**WHAT TO PRODUCE:**
Give back exactly the lines of the data below, starting with the line that has "Legoland Malaysia, Johor" and going on through the line that has "Großartig Side By".

**PROVIDED DATA:**
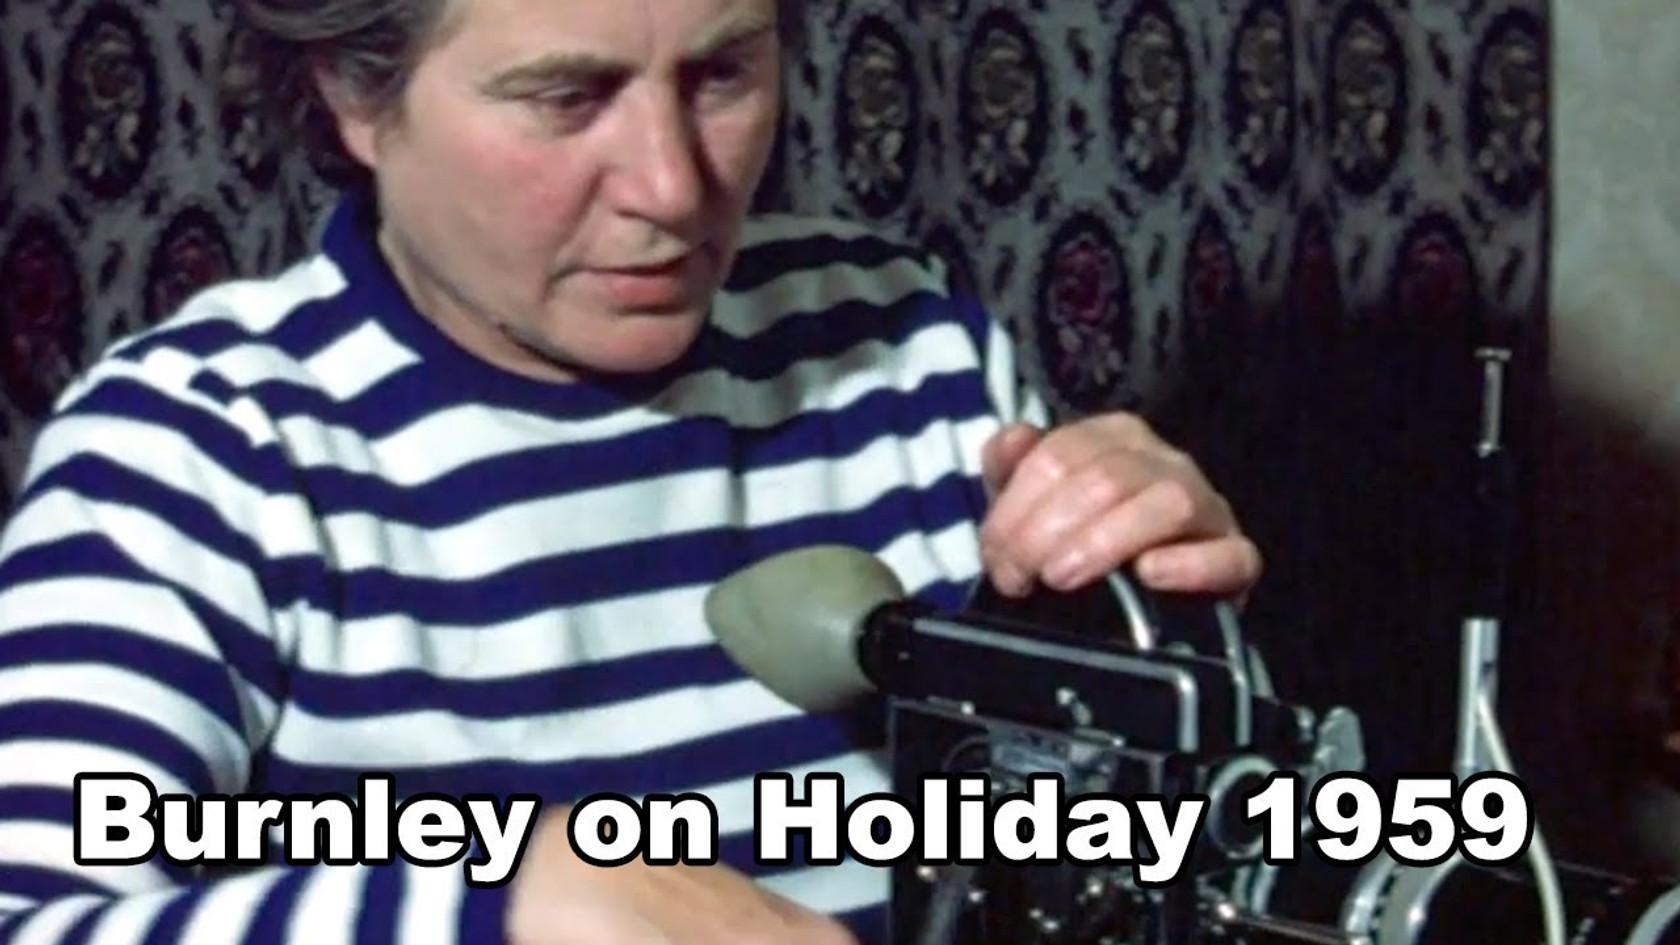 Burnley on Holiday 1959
...
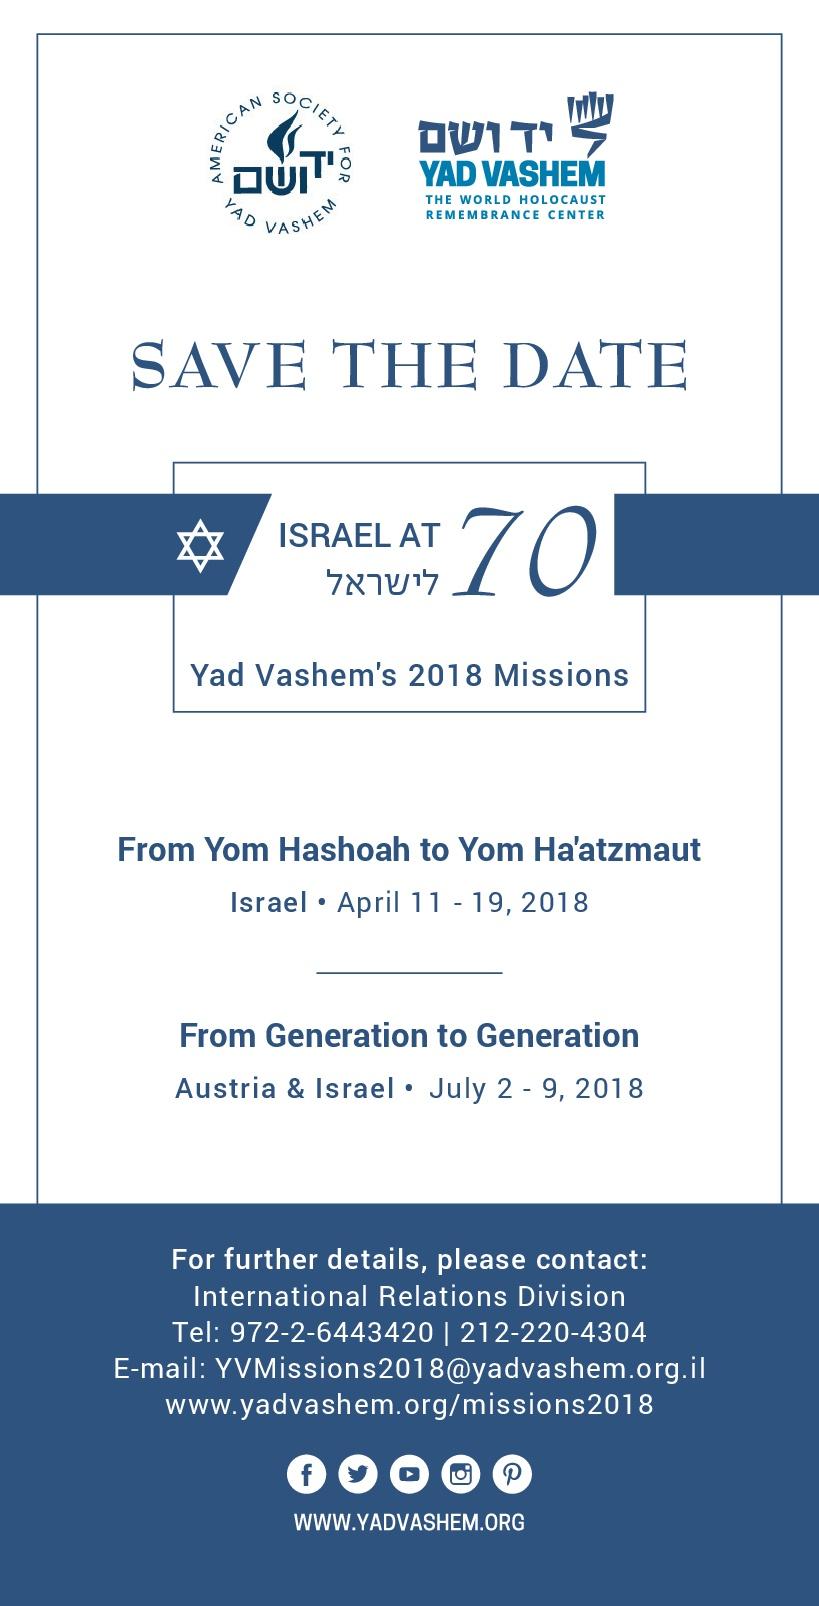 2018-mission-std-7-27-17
---
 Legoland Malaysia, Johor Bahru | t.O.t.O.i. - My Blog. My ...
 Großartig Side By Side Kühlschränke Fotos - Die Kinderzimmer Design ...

**ANSWER TO THE PROBLEM:**
 Legoland Malaysia, Johor Bahru | t.O.t.O.i. - My Blog. My ...
 Großartig Side By Side Kühlschränke Fotos - Die Kinderzimmer Design ...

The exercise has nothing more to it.